Liberale da Verona

Cet article est extrait de l'ouvrage Larousse « Dictionnaire de la peinture ».

Peintre italien (Vérone v.  1445  – id.  1527-1529).

Il exécute ses premières miniatures à Vérone en 1465 pour l'église S. Maria in Organo, puis émigre en Toscane. Entre 1467 et 1469, il enlumine 4 Antiphonaires (Chiusi, Opera del Duomo) du monastère de Monte Oliveto Maggiore, dans lesquels s'unissent la force de la tradition padouane, de Belbello aux grands miniaturistes de Borso d'Este, et les premiers motifs plastiques toscans. Formé dans l'Italie du Nord, il y a acquis la qualité fondamentale de son style : un graphisme très souple et fleuri, riche d'arabesques et de torsions formelles. Son originalité se déploie pleinement dans les fameux 14 Graduels décorés, entre 1470 et 1476, pour la " libreria " (bibliothèque) Piccolomini de Sienne (dôme). Dans ces grandes feuilles, chefs-d'œuvre de l'enluminure italienne du quattrocento, certains rythmes fantastiques du Gothique tardif international subsistent encore, côtoyant les lignes fortes et incisives de la manière florentine telle que la pratiquent Botticelli et Pollaiolo.

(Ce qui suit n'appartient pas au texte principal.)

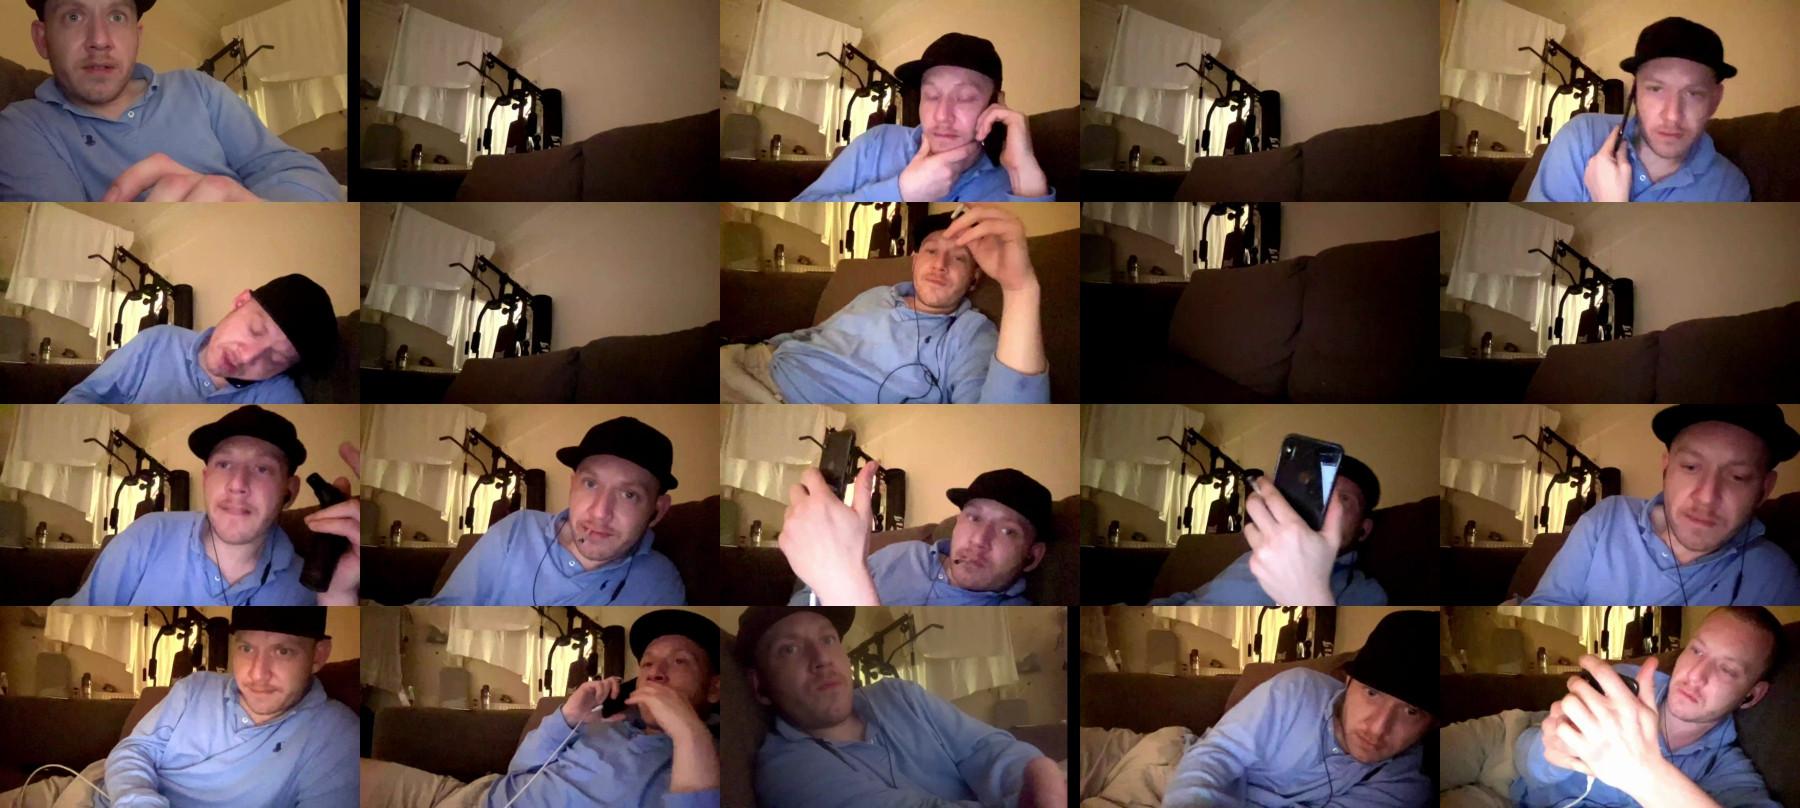 RICKYLONDON Cam4 14-05-2021 Recorded Video Naked

Toute l'activité siennoise de Liberale da Verona est proche et souvent étroitement liée à celle d'un autre miniaturiste, Girolamo da Cremona, ce qui a rendu longtemps difficile toute attribution certaine à chacun des deux artistes. Cependant, R. Longhi a reconnu à Liberale da Verona une personnalité supérieure à celle de Girolamo, chez qui pourtant il puisa souvent ses sources d'inspiration. On reconnaît aujourd'hui en Liberale l'auteur de plusieurs œuvres importantes, attribuées antérieurement à Girolamo et exécutées au cours de séjours à Rome (la Vierge et l'Enfant entre saint Benoît et sainte Françoise Romaine, église Sainte-Françoise-Romaine) et à Viterbe. Le Christ et quatre saints (1472, Viterbe, cathédrale) est ainsi sans doute son chef-d'œuvre. La figure du Christ, debout sur un podium, prend un relief plastique plus intense dans le mouvement du vêtement, gonflé et accentué par un regard à la fixité inquiète.

Parmi les œuvres ainsi restituées à Liberale, on peut citer 2 Scènes de la vie de saint Pierre (Berlin et Cambridge, Fitzwilliam Museum), l'Enlèvement d'Hélène (Avignon, Petit Palais) et l'Enlèvement d'Europe (Louvre), la Nativité (New Haven, Yale University Art Gal.), les Joueurs d'échecs (" cassone " partagé entre le Metropolitan Museum et la fondation Berenson à Settignano).

Selon Vasari, Liberale est de retour à Vérone en 1482 ; puis il se rend à Venise en 1489, date à laquelle il peint la " pala " avec la Madone en trône avec quatre saints (musées de Berlin). Il rentre ensuite à Vérone, où il déploie une grande activité jusqu'à sa mort. Parmi les œuvres de cette période, il faut mentionner la Pietà (Munich, Alte Pin.), un Saint Sébastien (Brera) où apparaît encore l'influence de Mantegna, la Nativité (Boston, Gardner Museum), de nombreuses Madones (Turin, Gal. Sabauda ; Londres, N. G. ; Stockholm, Université ; musées de Grenoble et de Cracovie), l'Adoration des mages (Vérone, Duomo), la Déposition de croix (Vérone, Castel Vecchio), la prédelle de la Vie de la Vierge (Vérone, archevêché). Les fresques (1490) de la chapelle Bonaversi à S. Anastasia, à Vérone, restent l'une de ses œuvres les plus significatives. Les dons de Liberale da Verona, son imagination poétique pleine de fantaisie, son âpreté, son goût pour une expression tourmentée furent reconnus déjà par Vasari, qui admirait sa capacité de " savoir rendre le rire aussi bien que les pleurs ". Son " expressionnisme ", pour employer un terme moderne, fait de lui un isolé dans le climat classique de Vérone. Il apparaît ainsi beaucoup plus proche de certains peintres du Nord et en particulier de ceux de l'école du Danube, tout en les devançant sensiblement sur le plan historique, ce qui rend sa personnalité encore plus singulière.